1

I'm working on a personal project where I'm in need of some help with a performant Linq query to a database. The DB in question could have millions of log entries, and through an API (Asp) I want to have an option to only return a representative subset of those logs to a graphical interface.

Here's the method in question:

public IEnumerable<Log> GetByParameter(int ParameterID,DateTime timeStart, DateTime timeEnd)
    {
        return _context.Logs.Where
            (a => a.ParameterID == ParameterID && 
            (DateTime.Compare(a.LogDate,timeStart) > 0 && DateTime.Compare(a.LogDate,timeEnd) < 0)).ToList();
    }

Note that the method takes in two DateTimes as parameters, which yield a range of time where the logs should be queried.

I would want to augment this method like so:

public IEnumerable<Log> GetByParameter(int ParameterID,DateTime timeStart, DateTime timeEnd, int limit)

For example, the DB might contain 2 million entries given the parameters passed, and the "limit" of the consumer of the API might be 40 000 entries. Thus:

numberOfEntries/limit = n

2*106 / 4*104 = 50

In this example I would want to return every 50th element to the consumer of the API, with an evenly spaced time interval between the elements.

An easy way would just be to query the entire table given the parameters and then filter out afterwards, but that seems messy and a bit antithetical to this approach, possibly very ineffective as well.

So here is my question: Is there any way to write a query such that it only queries the DB for every Nth row?

Thanks in advance!

Lacynt
  • 35
  • 5
  • 1
    What database are you using ? SQL server? – Nick Jul 31 '19 at 08:30
  • 1
    Is there a reason that you're restricted to using LINQ (EF?)? – Oliver Jul 31 '19 at 08:30
  • @Nick Yes, I'm using SQL server – Lacynt Jul 31 '19 at 08:42
  • 1
    @Oliver Not particularily, other than the other code I've written is using Linq and I'd like to learn the syntax. I have access to the DB and could write a SP as well – Lacynt Jul 31 '19 at 08:43
  • 2
    Linq has `Skip(i)` and `Take(i)`. With that you can get paging. – VDWWD Jul 31 '19 at 08:55
  • 1
    [Here](https://stackoverflow.com/questions/682615/how-can-i-get-every-nth-item-from-a-listt) has an answer to this which you can also use on a `Queryable`. However, you have to test it because it might get executed client-side. As for your actual requirement, I don't think you should do what you are trying to do. You are trying to down-sample arbitrarily and it'll cause many other problems. The proper thing to do here is to paginate your results. In terms of performant, that'll depend mostly on the nature of data and indexes, etc when you are dealing with this many rows, not LINQ. – kovac Jul 31 '19 at 09:09

2 Answers2

1

An approach you could take is using modulus on some kind of index.

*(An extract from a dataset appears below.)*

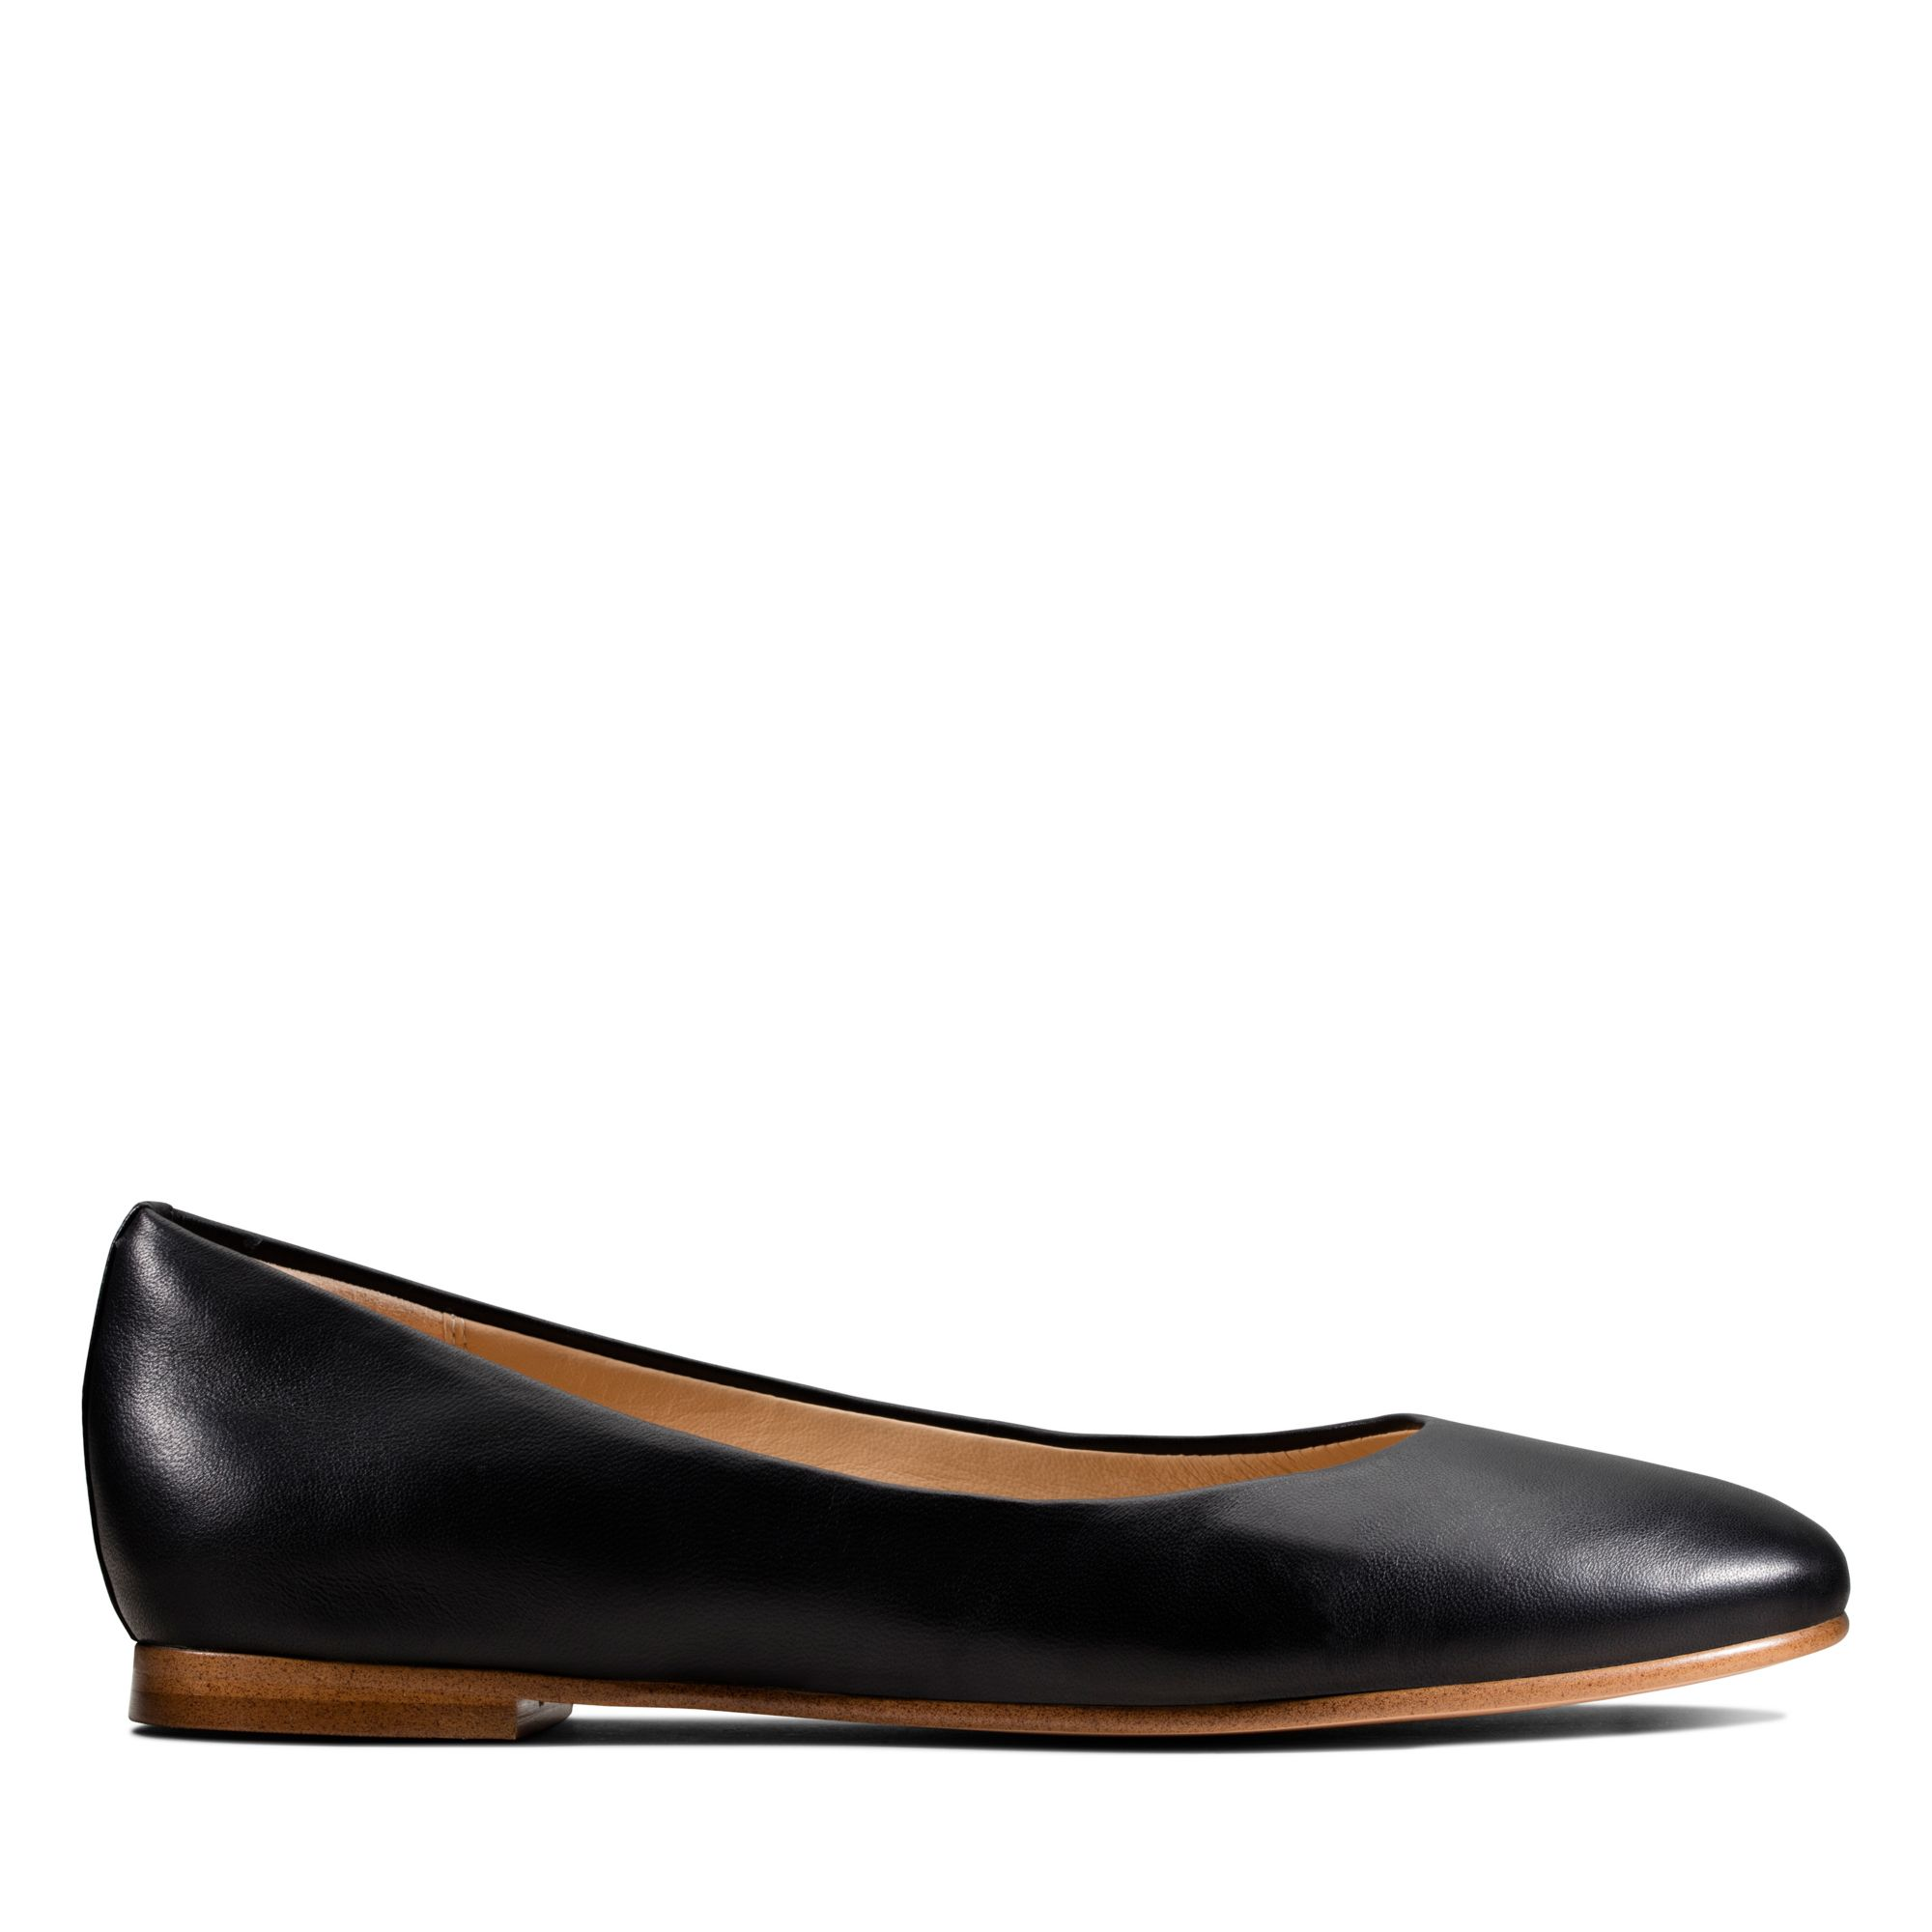 Clarks純甄至柔-Grace Piper芭蕾平底鞋(黑色)

If you already have an auto generated Id, that could be used - but it's not ideal as you can't rely on it being continuous.

You could use RANK() to create an index column within a view, but unfortunately you can't use RANK() directly from EF code.

Something like the following:

var interval = 5; 
return _context.Logs
    .Where(a => 
        a.ParameterID == ParameterID &&
        (
           DateTime.Compare(a.LogDate,timeStart) > 0 && 
           DateTime.Compare(a.LogDate,timeEnd) < 0) &&
        a.Id % interval == 0).ToList(); //Filter on modulus of an index

In this instance however I personally would write the query in SQL.

Oliver
  • 8,794
  • 2
  • 40
  • 60
1

You can implement it using SQL Server window functions like row_number:

WITH x AS
(
    SELECT ROW_NUMBER() over (order by LogDate) as rn, *
    FROM MyTable
    WHERE
        ParameterID = @ParameterID AND
        LogDate > @StartDate AND
        LogDate < @EndDate
)
SELECT * from X WHERE rn % 50 = 0

In LINQ you can try to use the following clause:

var data = _context.Logs
    .Select((x, i) => new { Data = x, Number = i })
    .Where(x => x.Number % 50 == 0)
    .Select(x => x.Data);

But it's necessary to check actual execution plan, I guess that it will not be optimal.

Don't forget to create an index on LogDate.

Honestly I'm not sure that SQL Server is a good choice to store logs, I would like to use something like Elastic.

Yuriy Gavrishov
  • 4,341
  • 2
  • 17
  • 29